Я чувствовал, как он ерзает в кресле рядом со мной, без энтузиазма опустошая огромное ведро сладкого попкорна. Через некоторое время я заметил, как у него в руке засветился мобильник.
— Почему ты не смотришь чертов фильм? — довольно резко осведомился я, пытаясь говорить тихо, хотя это казалось довольно устаревшим обычаем, все равно что уступать место в общественном транспорте или открывать дверь перед женщиной.
По всему залу можно было видеть светящиеся в темноте телефонные экранчики, люди наслаждались обедом и вели увлекательные разговоры. Их не могло расстроить даже зрелище конца жизни на Земле.
— Знаешь почему? — спросил Пэт и посмотрел на меня. — Потому что это просто — не знаю — порнография вроде одиннадцатого сентября или что-то в этом роде. Все эти картинки — люди, выпрыгивающие из домов, рушащиеся здания, тучи дыма и пыли на улицах — все это взято из новостей, стопудово.
— Не говори «стопудово», — сделал я замечание.
— Пинок для кретинов, — продолжал он. — Дешевый ужастик для придурков, чавкающих попкорном. Знаешь, о чем я думаю? Меня тошнит, если хочешь знать правду.
— А кроме этого? — спросил я. — Тебе не кажется, что он довольно хороший?
— Быстрорастворимая классика, — презрительно проговорил он.
Я поднялся и стал пробираться по проходу. Наш разговор мог вызвать недовольство сидящих рядом. Все равно что слишком громко разговаривать в библиотеке. Но им, казалось, было совершенно все равно.
Я стоял на улице, глядя на Лестер-сквер и ожидая, не появится ли Пэт. Мы еще никогда не уходили посреди киносеанса.

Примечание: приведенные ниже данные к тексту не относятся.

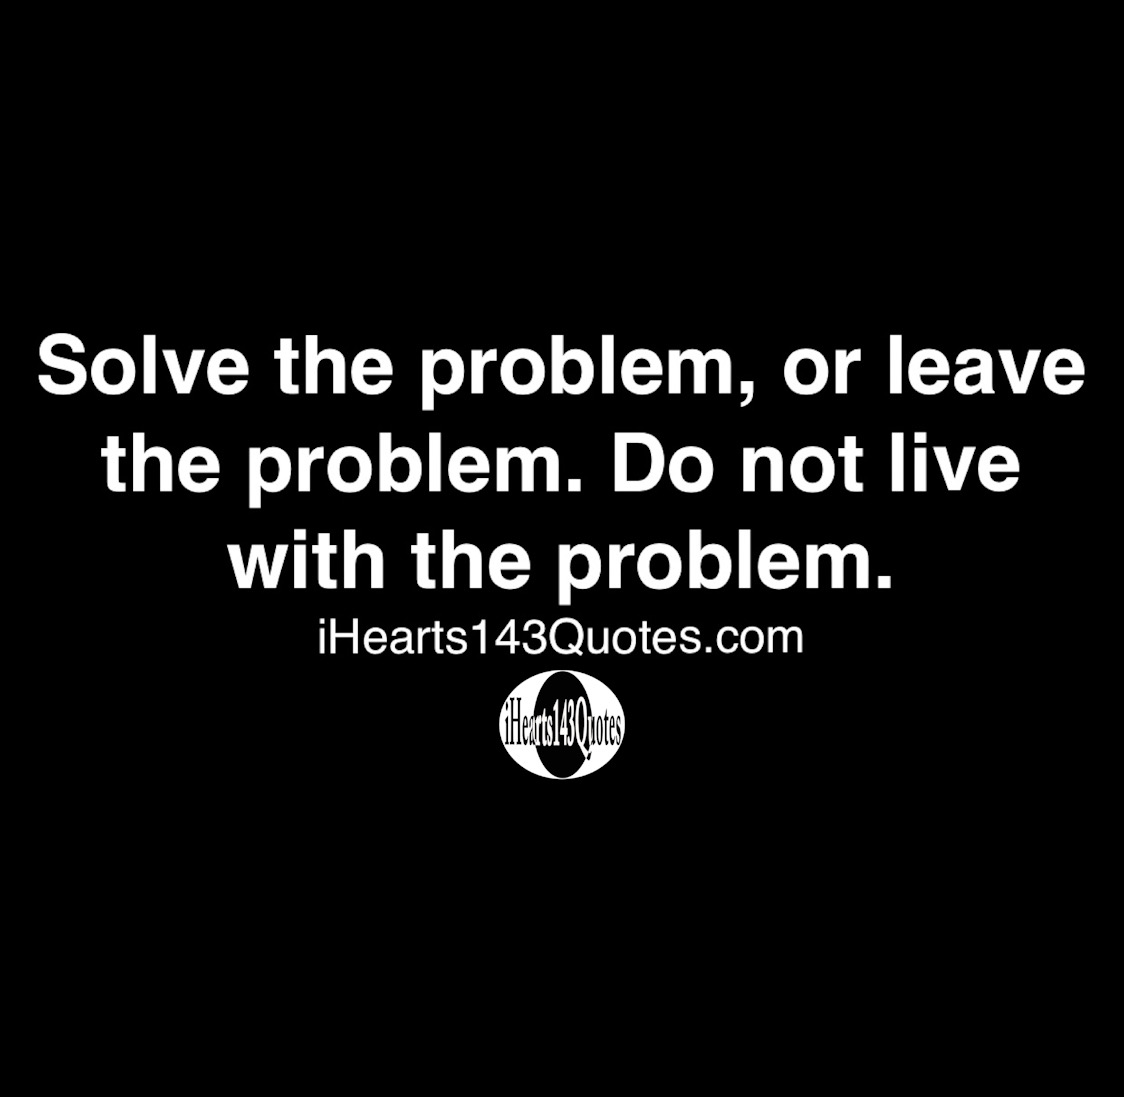 solve the problem or leave the problem quotes

У нас всегда были видеофильмы. Когда уехала Джина, Пэту было четыре года, и его страсть к «Звездным войнам» еще усилилась. Это был другой мир, где он мог укрыться от мира реального, в котором чувствовал себя неуютно. У него были игрушки — восьмидюймовые Ханы Соло, Люки Скайуокеры и Дарты Бейдеры, защитного цвета модели «Миллениум фэлкон» и звездолетов-истребителей, световые пластиковые мечи, и все это валялось сплошным слоем так, что некуда было ступить.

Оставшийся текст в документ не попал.